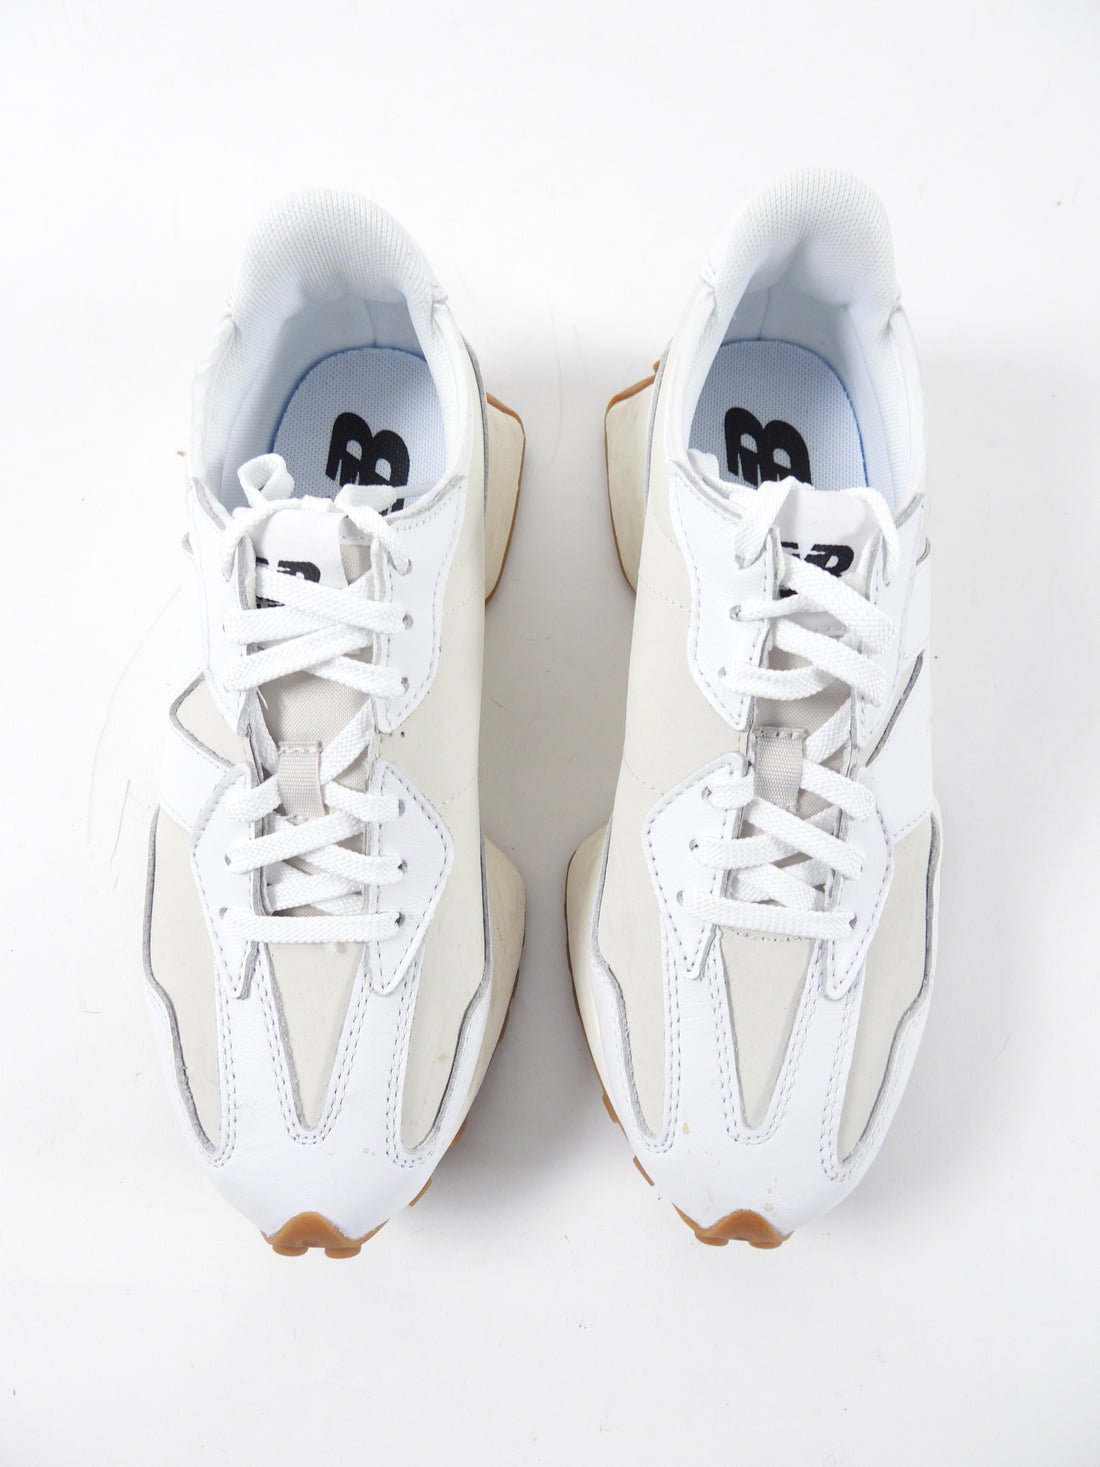 New Balance 327 White and Natural Rubber Sneakers - 6.5
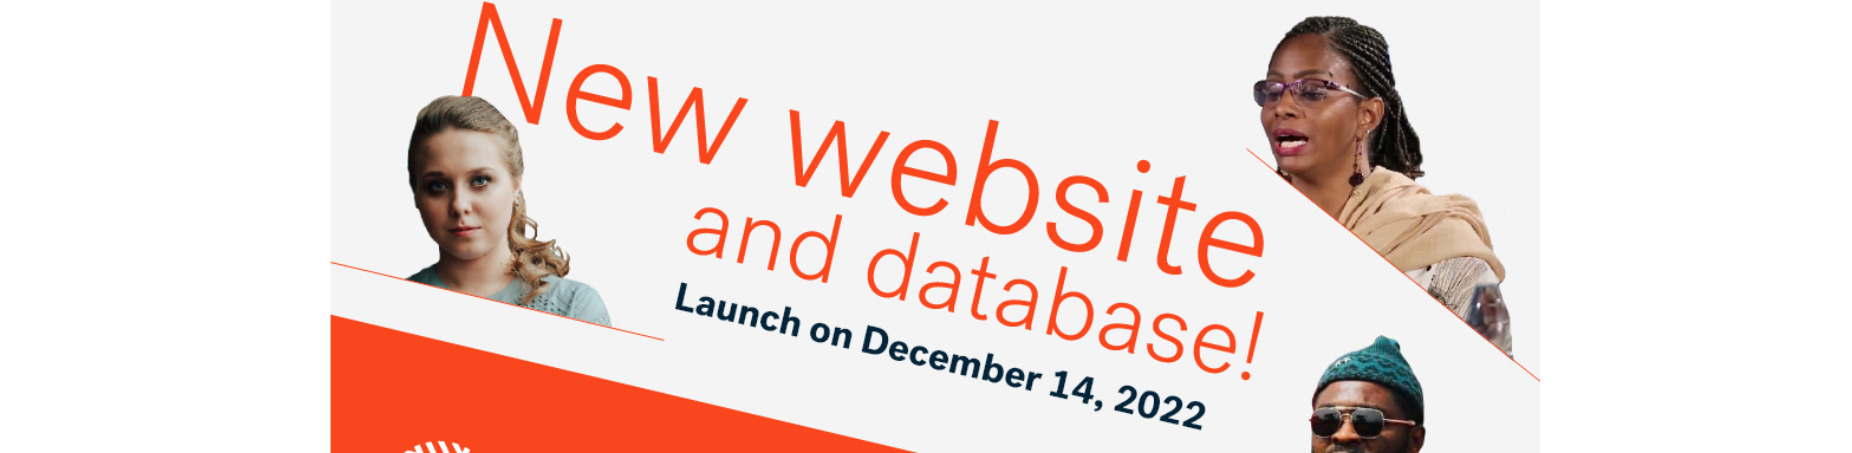 New website and database! Launch on December 14, 2022
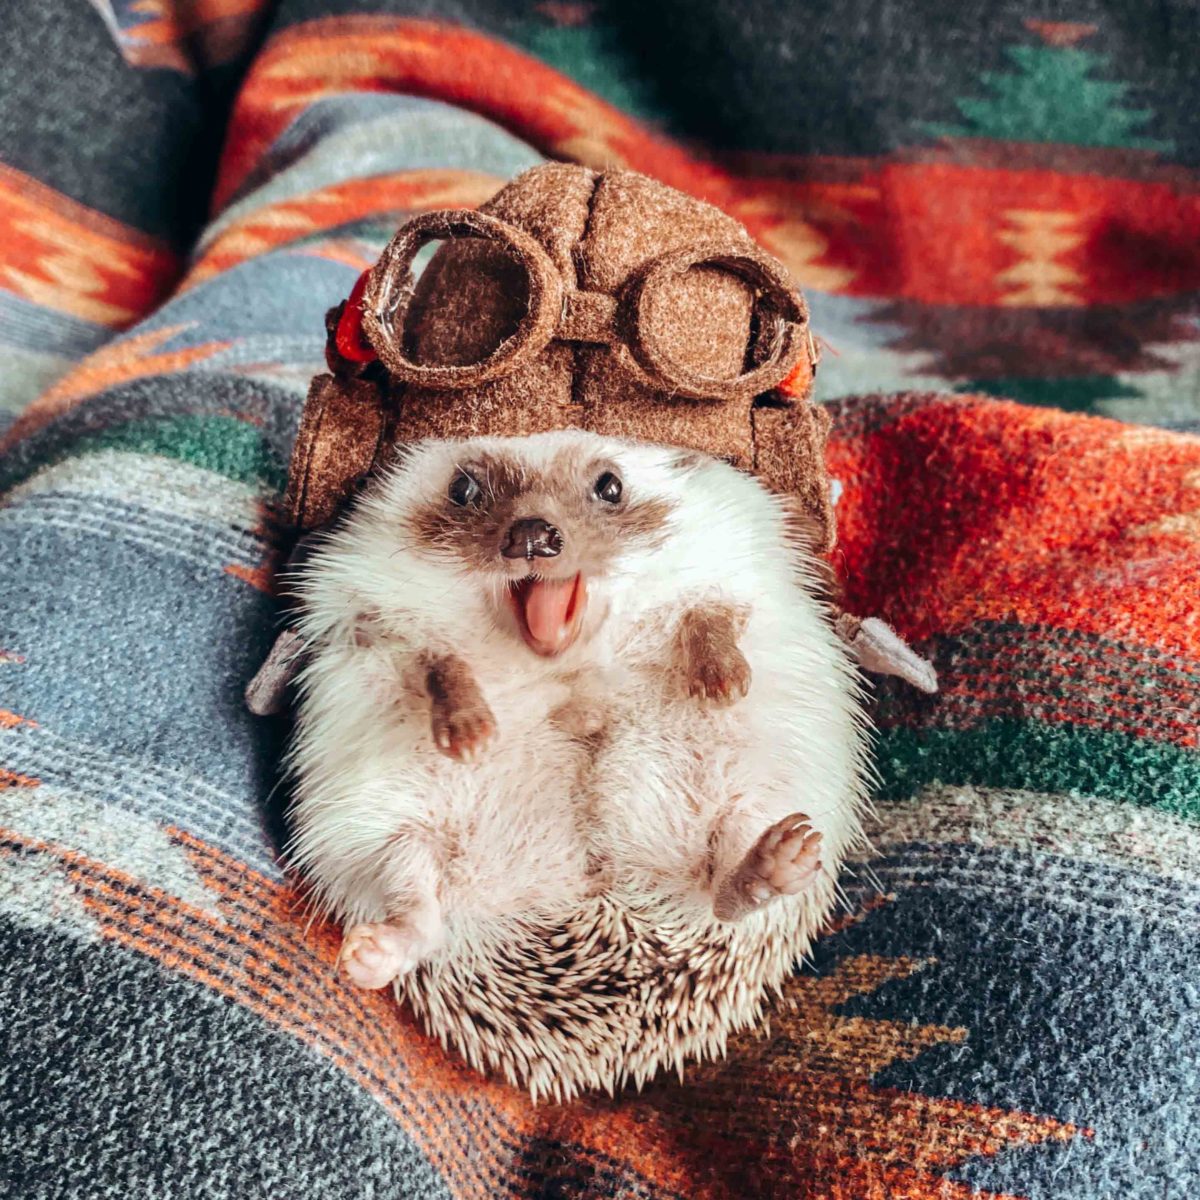 A small hedgehog wearing a hat with glasses while looking into the camera

**TRY IT**: Only the lines from the one containing "New website and" through the last line of the data above, both included, belong in the reply, each restated exactly and without pictures.

**TASK OUTPUT**:
 New website and database! Launch on December 14, 2022
 A small hedgehog wearing a hat with glasses while looking into the camera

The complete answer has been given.